Many of us know Pat Conroy for Prince of Tides, Lords of Discipline, and The Great Santini.  Some of my favorites of his are The Water is Wide and Beach Music.  But above all of the novels he wrote re-telling pieces of his broken childhood, my absolute favorite book of his is appropriately titled Recipes of My Life, The Pat Conroy Cookbook.  In this, he tells his stories, and his passion for cooking, and how both combined into an undeniable force.  His words are powerful, and stirring.  He writes with such emotion, and what I love the most is I know he cooked with the same emotion, too.   “Home is a damaged word, bruisable as fruit, in the cruel glossaries of the language I choose to describe the long, fearful march of my childhood.  Home was a word that caught in my throat, stung like a paper cut, drew blood in its passover of my life, and hurt me in all the soft places.  My longing for home was as powerful as fire in my bloodstream.” 

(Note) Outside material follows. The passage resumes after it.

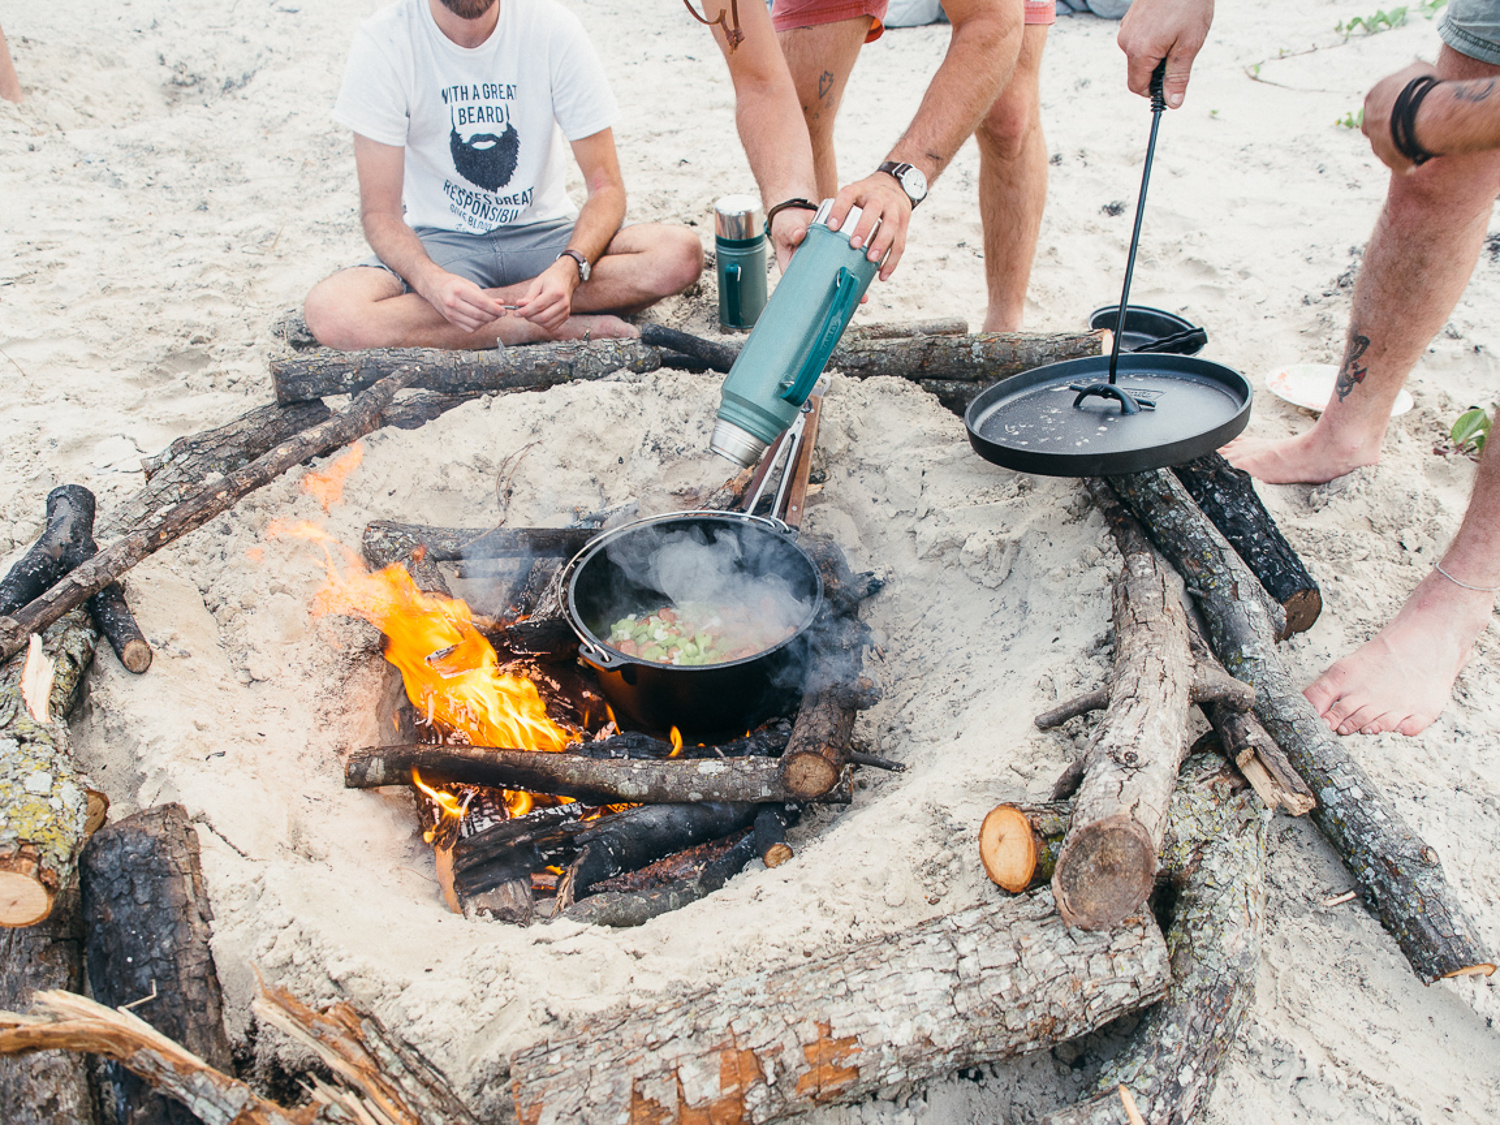 cooking jambalaya camp pawlowski america yall mustang island camping beach texas (8 of 21).jpg
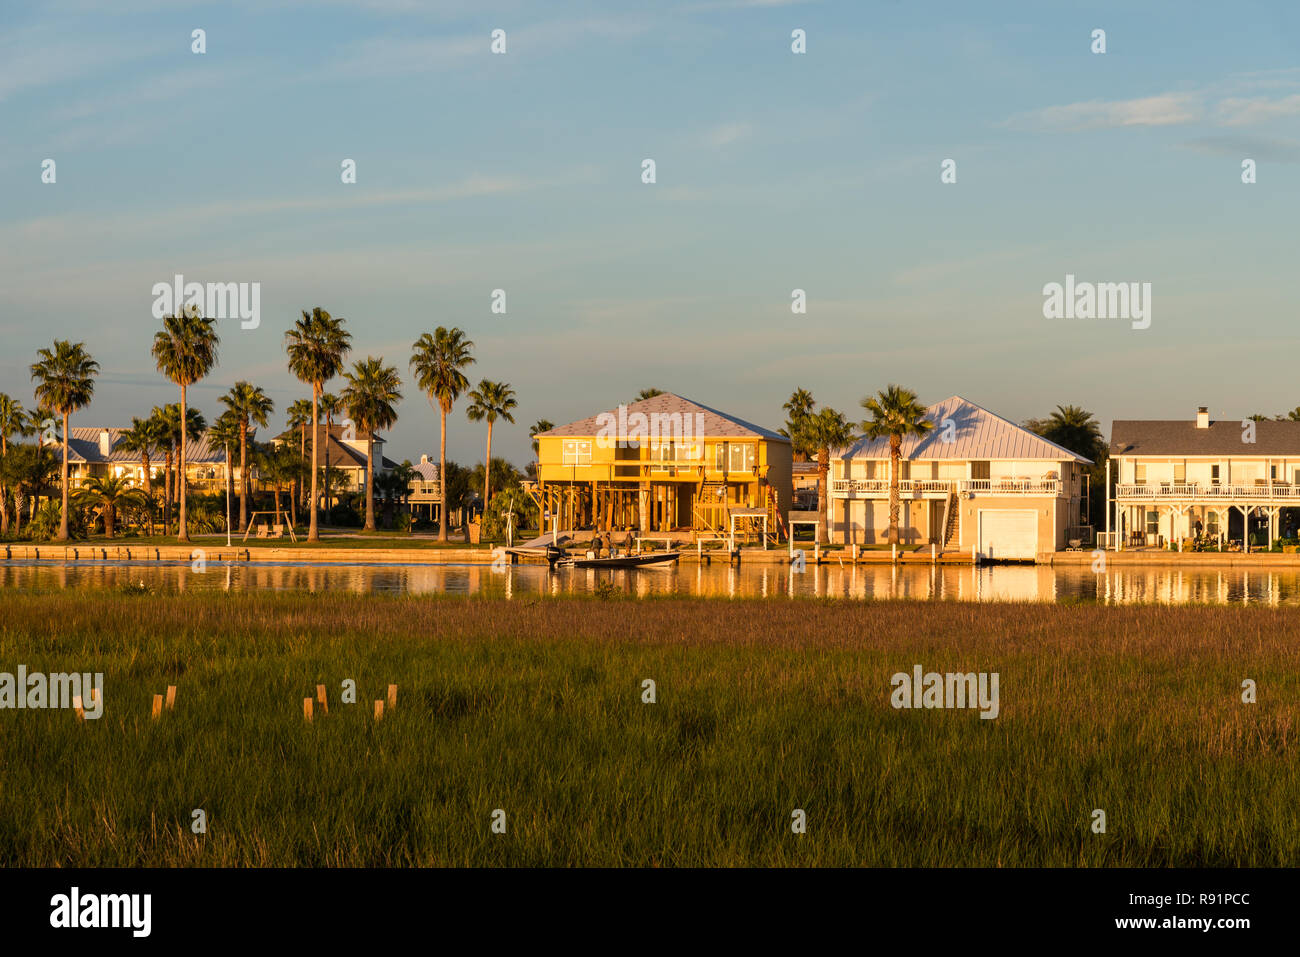 Residential houses encroaching venerable wetlands in upper Gulf coast.   Aransas National Wildlife Refuge, Texas, USA. Stock Photo

This is one of the many cookbooks I cherish most.  It is one of the few I actually use.  It is the one that doesn’t get stored like all the others, neatly slid into the shelf.  It sits open on the shelf in a bowl, quick and easy to pick up.  The pages have a couple of stains, and the bottom of the front cover is forever bent upwards and soft with use, instead of flat and shiny.  This says a lot, my cookbook collection is not small.  Each and every cookbook I own has meaning.  Some I use, some I refer to, many I have as mementos of places I have travelled to, many have been gifts.  But I love every single one.  Just recently I had to clean out two new shelves so I could store the cookbooks that had grown into a pile on the floor.  I had to make room for what matters, as well as remove the natural collecting spot for dust bunnies in the den.  Summed up best in Pat Conroys words, “Cooking is an insidious addiction and it was many years before I realized I needed to enroll in a twelve- step program to control my passion for the ownership of cookbooks.”  Love it, love him.

Food, the language that binds, touchable love, nourishment.  I think when I read chapter 7, titled “A recipe is a Story”, I became his devotee forever.  He was able to sum up what I cherish about sharing food with others in one beautiful sentence. He simply states and I will end with this:

“…it is my most religious belief that a recipe is just a story that ends with a good meal.”

Enjoy the best of food and life, a well done and well lived life, Pat.